On appeal, the Fourth Circuit was left to address only the third prong of the requirements that must be proven before an individual can be civilly committed under Section 4248. The third prong requires the Government to prove, by clear and convincing evidence, that the individual would have serious difficulty in refraining from sexually violent conduct or child molestation if released. The Court first discussed the clear and convincing standard, which requires the court to identify credible supporting evidence that renders its factual determinations “highly probably.” Next, after assessing the record, the Court found that the aggregate of historical, direct, and circumstantial evidence contained therein, at most, rose to a level of preponderance in favor of commitment. But, it did not satisfy the statutory burden of clear and convincing evidence.

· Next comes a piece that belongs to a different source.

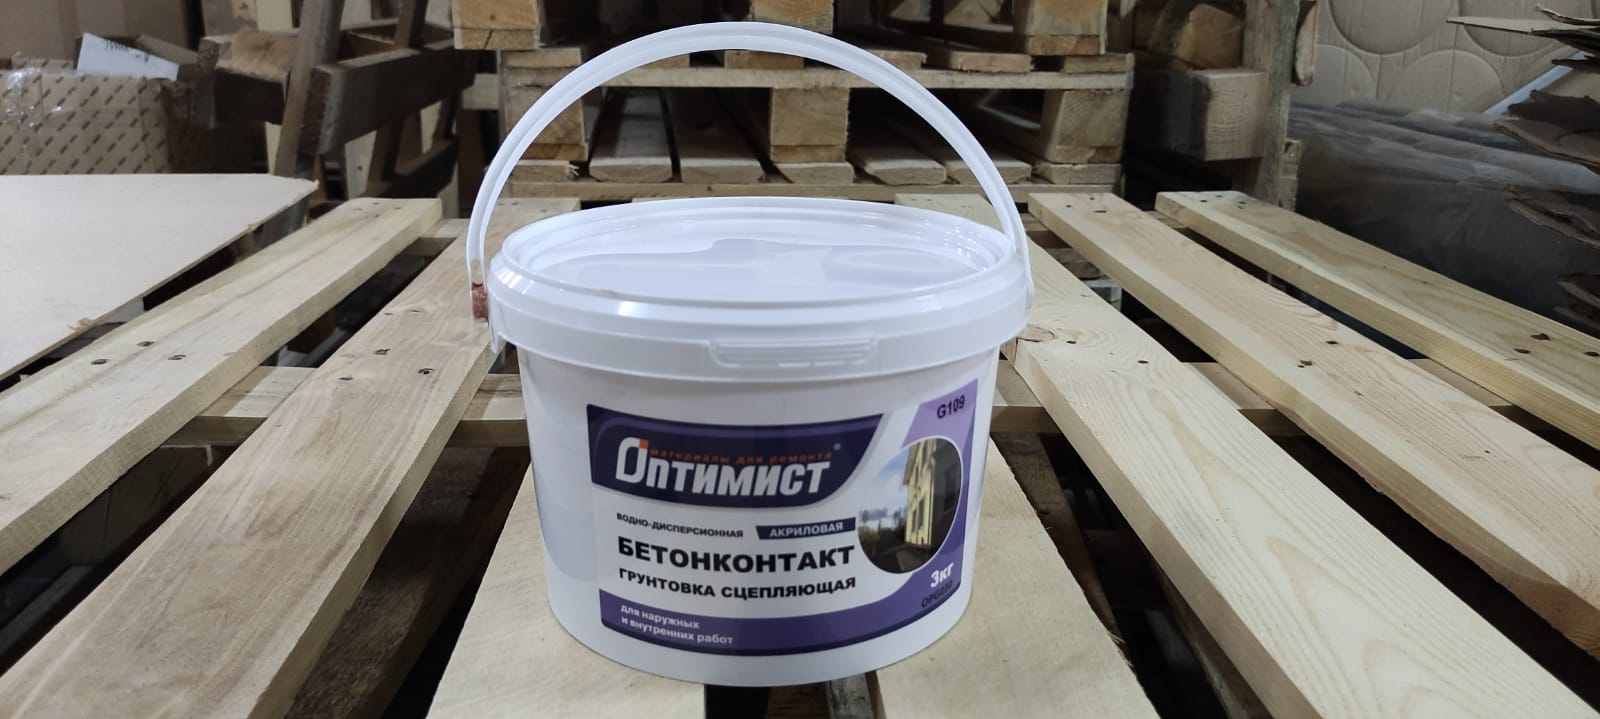 Грунтовка бетонконтакт (бетоноконтакт) для стен и пола морозостойкая 3 кг ОПТИМИСТ G 109

In so finding, the Court observed that the core of Antone’s case was his decade-long process of rehabilitation, which the Government’s expert completely discounted and the district court dismissed with one sentence. Notably, the Government relied on one of its expert witness’s opinions that was based entirely on Antone’s conduct prior to incarceration and did not take into account his rehabilitation. Thus, the Fourth Circuit concluded that the appellate record did not support the district court’s determination that Antone would have serious difficulty refraining from sexually violent conduct if released. Accordingly, the district court’s judgment was reversed and remanded with instructions to dismiss the petition.